Le président du Réseau des jeunes ambassadeurs pour la santé de la reproduction et de la planification familiale du Mali, Boubacar Diarra, estime que l’éduction complète à la sexualité permet aux jeunes de prendre des décisions éclairées et responsables sur leur sexualité. « Cela contribue à leur bien-être, à leur santé et à leur bonne éducation » soutient Mme Kéïta Mama Sy, sage-femme et responsable clinique à l’AMPPF (association malienne pour la protection et la promotion de la famille).

A ses dires, les jeunes filles amenées par leurs parents pour besoins de PF, reçoivent des conseils lors des séances de consuling. Boubacar Diarra explique qu’une éducation sexuelle complète de qualité permet non seulement aux jeunes de mieux connaître leur corps, mais rend également de décider de façon éclairée.

Malgré tout, des adultes restent réfractaires à aborder le sujet de la sexualité avec les adolescents. « Notre grand défi reste la compréhension et l’adhésion des parents, des leaders religieux et des chefs traditionnels. Car beaucoup de personnes pensent que nous allons enseigner aux enfants la dépravation. Nous leur apprenons juste la sexualité dans le sens d’être plus responsable, d’éviter les grossesses non désirées, d’éviter le mariage avant l’âge de 18 ans », défend ainsi Boubacar Diarra pour qui leur grand défi est d’amener les leaders religieux, les chefs traditionnels et certains parents à adhérer à leur vision.
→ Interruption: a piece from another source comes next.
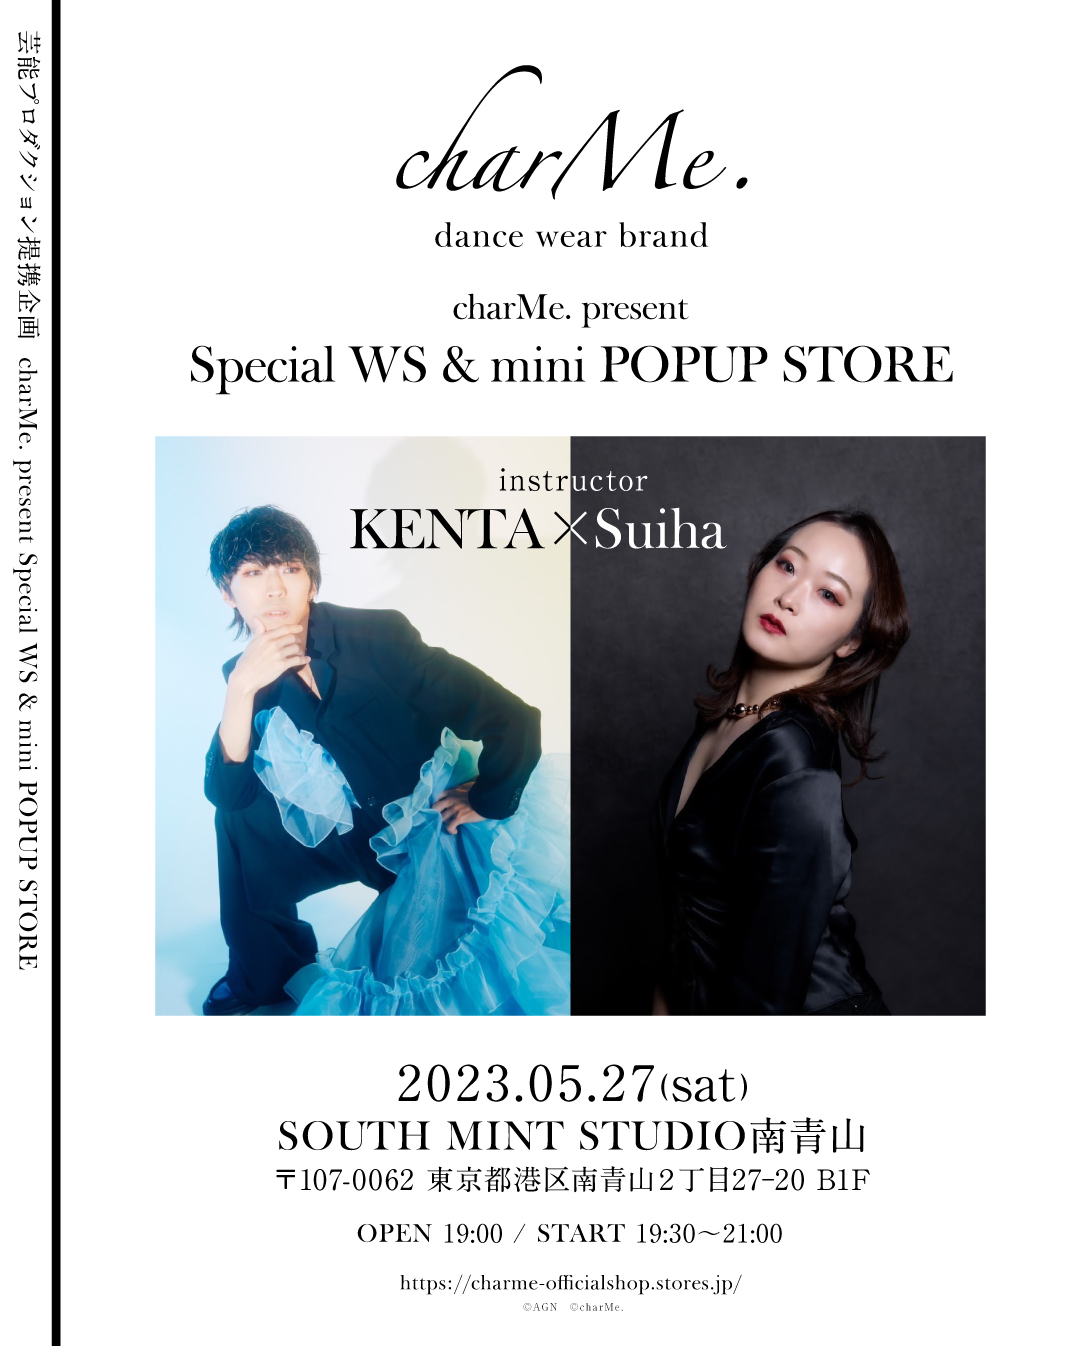 SPECIAL WS & mini POPUP STORE by charMe.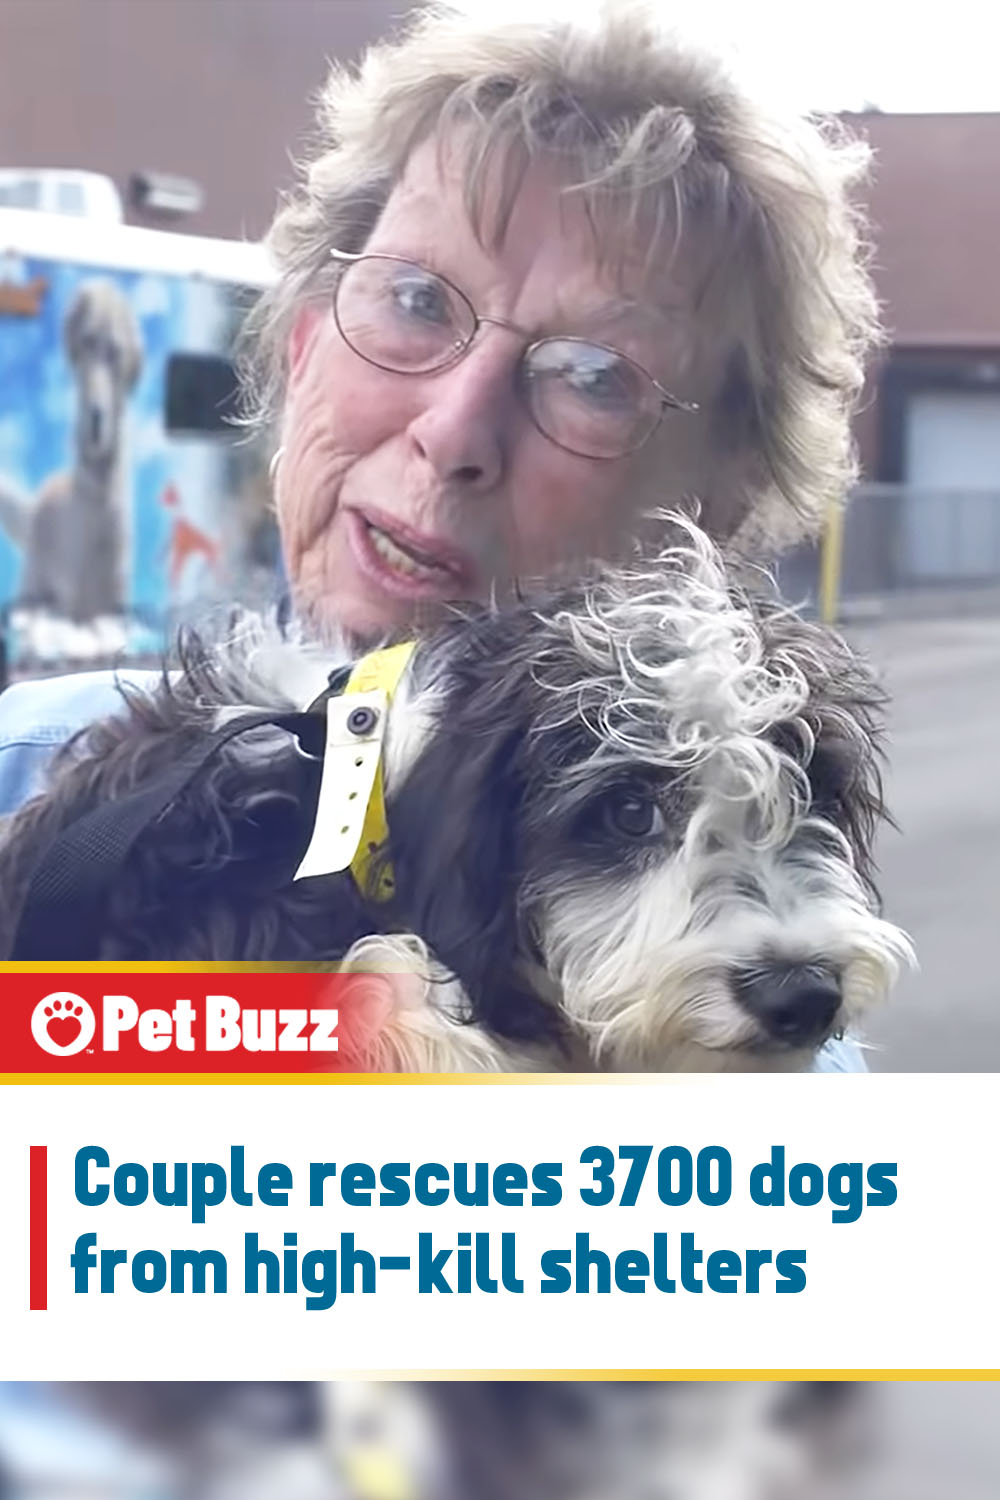 Couple rescues 3700 dogs from high-kill shelters

« Il s’agit de leur faire comprendre que parler d’éducation sexuelle des jeunes et des adolescents ne signifie mettre l’accent sur un fléau qui détruit les jeunes à petit feu, faire comprendre aux chefs coutumiers qu’au-delà des coutumes et traditions la santé compte plus que tout », plaide le président des jeunes ambassadeurs pour la PF.

Pour Khalilou Cissé du réseau islam population et développement (RIPOD), l’Islam n’interdit pas l’éducation sexuelle des adolescents et des jeunes. Selon lui, tout dépend de la manière dont le sujet est abordé. « Tout comme dans nos culture et tradition, l’enseignement sexuel est fait aux enfants mais tout dépend de la façon d’aborder le sujet. C’est fait en islam comme dans nos traditions mais pas forcément de la même façon », déclare M. Cissé.

Pour Gogo Dicko, traditionnaliste et conseillère nuptiale, l’éducation sexuelle des jeunes est une vieille tradition de notre société. De ce fait, elle cite les cérémonies d’initiations et autres habitudes traditionnelles qui prennent en charge l’éducation sexuelle des jeunes. A ses dires, cette tâche revenait très souvent aux grandes mères, aux tantes, oncles et Hommes de castes.

A l’instar de Khalilou Cissé du RIPOD, Gogo Dicko soutient que le sujet doit être abordé conformément aux valeurs et convictions socioculturelles de notre pays pour ne pas créer de dysfonctionnement sociétal.

Le Mali a pris des engagements en matière de SDSR dans sa constitution et ses engagements nationaux, régionaux et internationaux. Par ailleurs, le Mali s’est engagé à l’atteinte de l’agenda 2030 des ODD (objectifs de développement durable), lesquels engagent les Etats à s’approprier la capture du dividende démographique.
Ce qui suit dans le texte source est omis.